Minister of Public Works
- In office 12 August 1955 – 24 March 1956
- Prime Minister: Burhanuddin Harahap
- Preceded by: Mohammad Hasan
- Succeeded by: Mohammad Noor

Minister of Social Affairs
- In office 9 May 1953 – 12 August 1955
- Prime Minister: Ali Sastroamidjojo
- Preceded by: Anwar Tjokroaminoto
- Succeeded by: Soedibjo

Minister of Labor
- In office 6 September 1950 – 27 April 1951
- Prime Minister: Mohammad Natsir
- Preceded by: Ma'as
- Succeeded by: Iskandar Tedjasukmana

Personal details
- Born: 3 November 1893 Porong, Sidoarjo, East Java, Dutch East Indies
- Died: 16 May 1981 (aged 87) Indonesia
- Party: Parindra

= Soeroso =

Indonesian politician and trade unionist (1893–1981)

Raden Panji Soeroso (EYD: Suroso; 3 November 1893 – 16 May 1981) was an Indonesian politician and labor union activist. He served in various positions throughout his career, including as the first governor of Central Java and a minister in several cabinets.

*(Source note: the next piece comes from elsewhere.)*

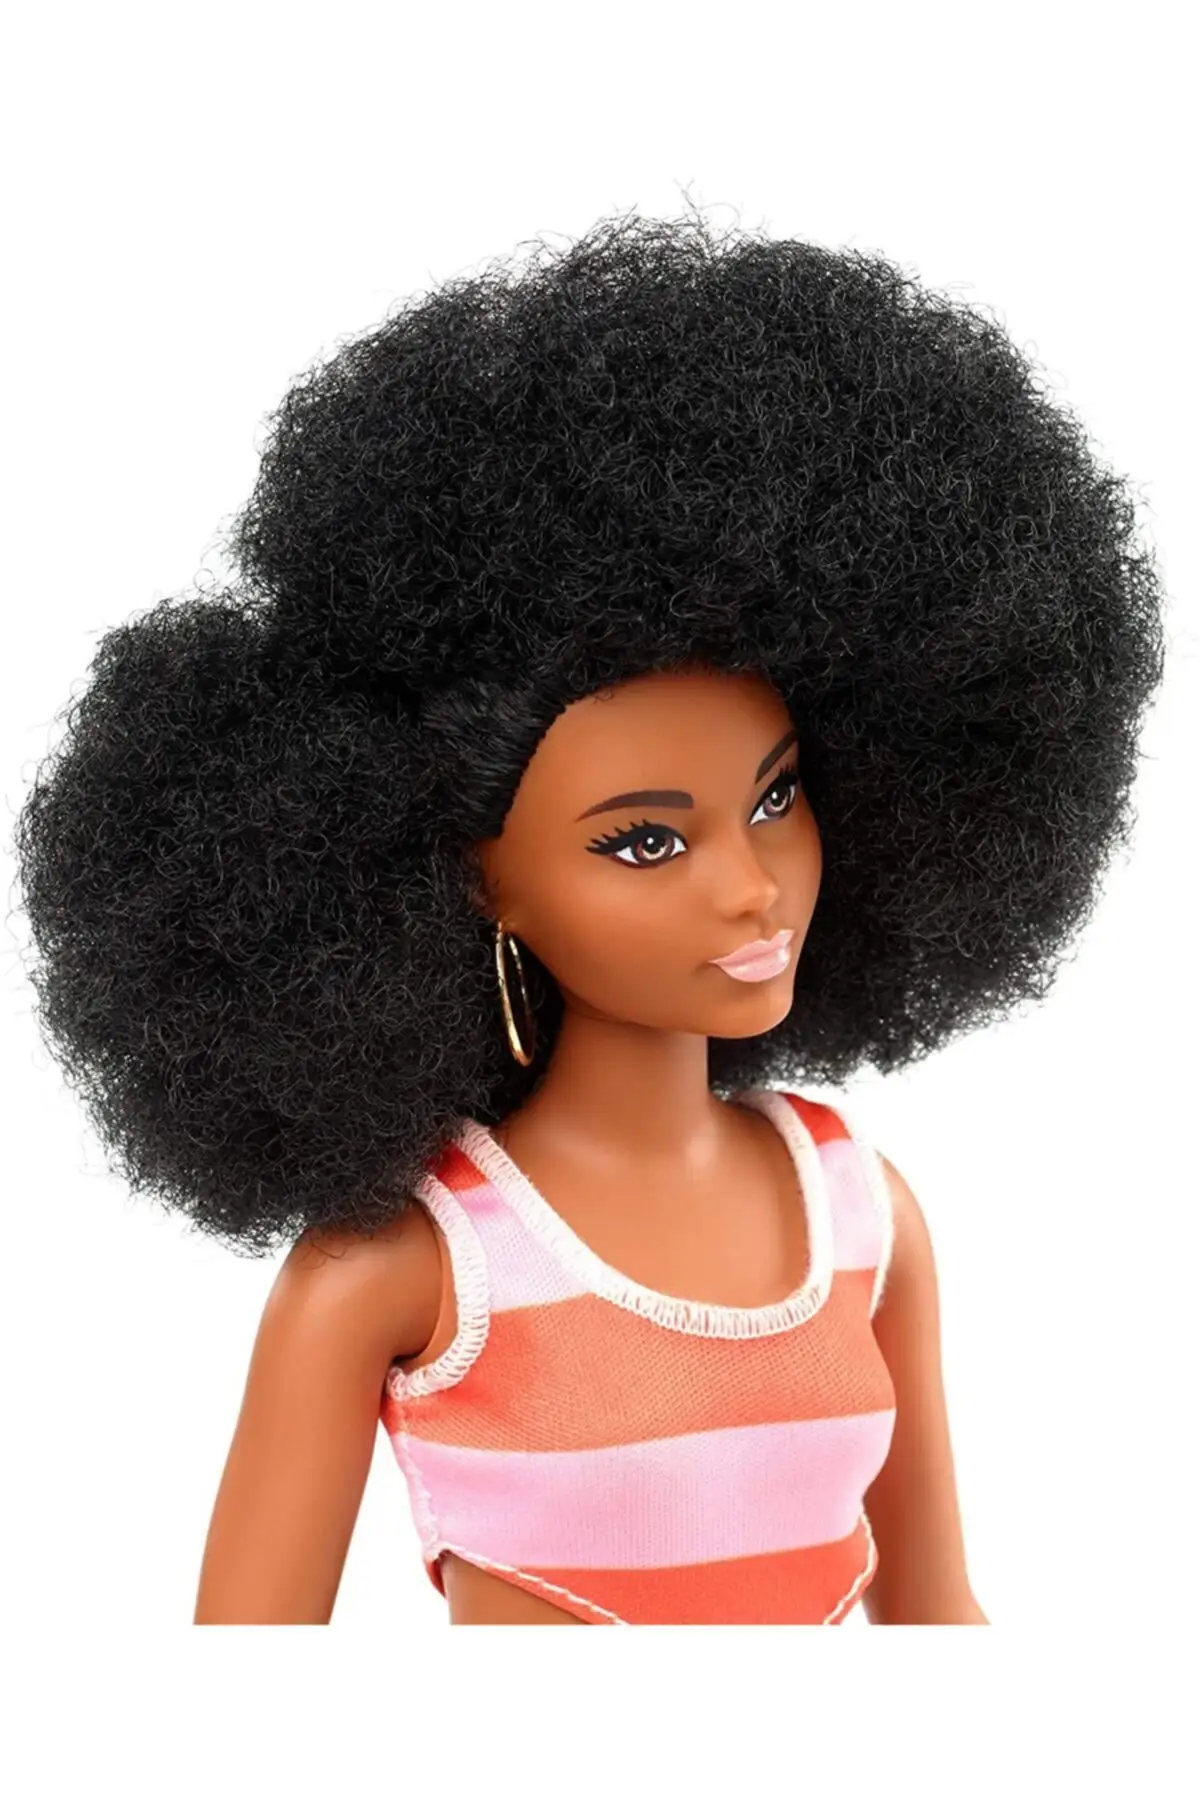 Барби фашионистас афро. Барби Fashionistas 105. Барби фашионистас чернокожая. Кукла Барби фашионистас афро.

He was also the leader of the Persatuan Vakbond Pegawei Negeri union federation and was active in the Parindra political party during the colonial period. He was also a member of the BPUPK and PPKI committees. He also founded the Civil Servants Cooperative Republic of Indonesia. In 1986, he was made a national hero by presidential decree. He died in Indonesia.

==Personal life==
One of his sons was Raden Panji Soejono (1926–present), an antiquities expert and senior archaeologist in Indonesia. Soejono is a professor of prehistoric archeology at several universities in Indonesia. Among others: the University of Indonesia, Gadjah Mada University, and Udayana University. He was head of the National Archaeological Research Center (Pusat Penelitian Arkeologi Nasional) from 1974 to 1989.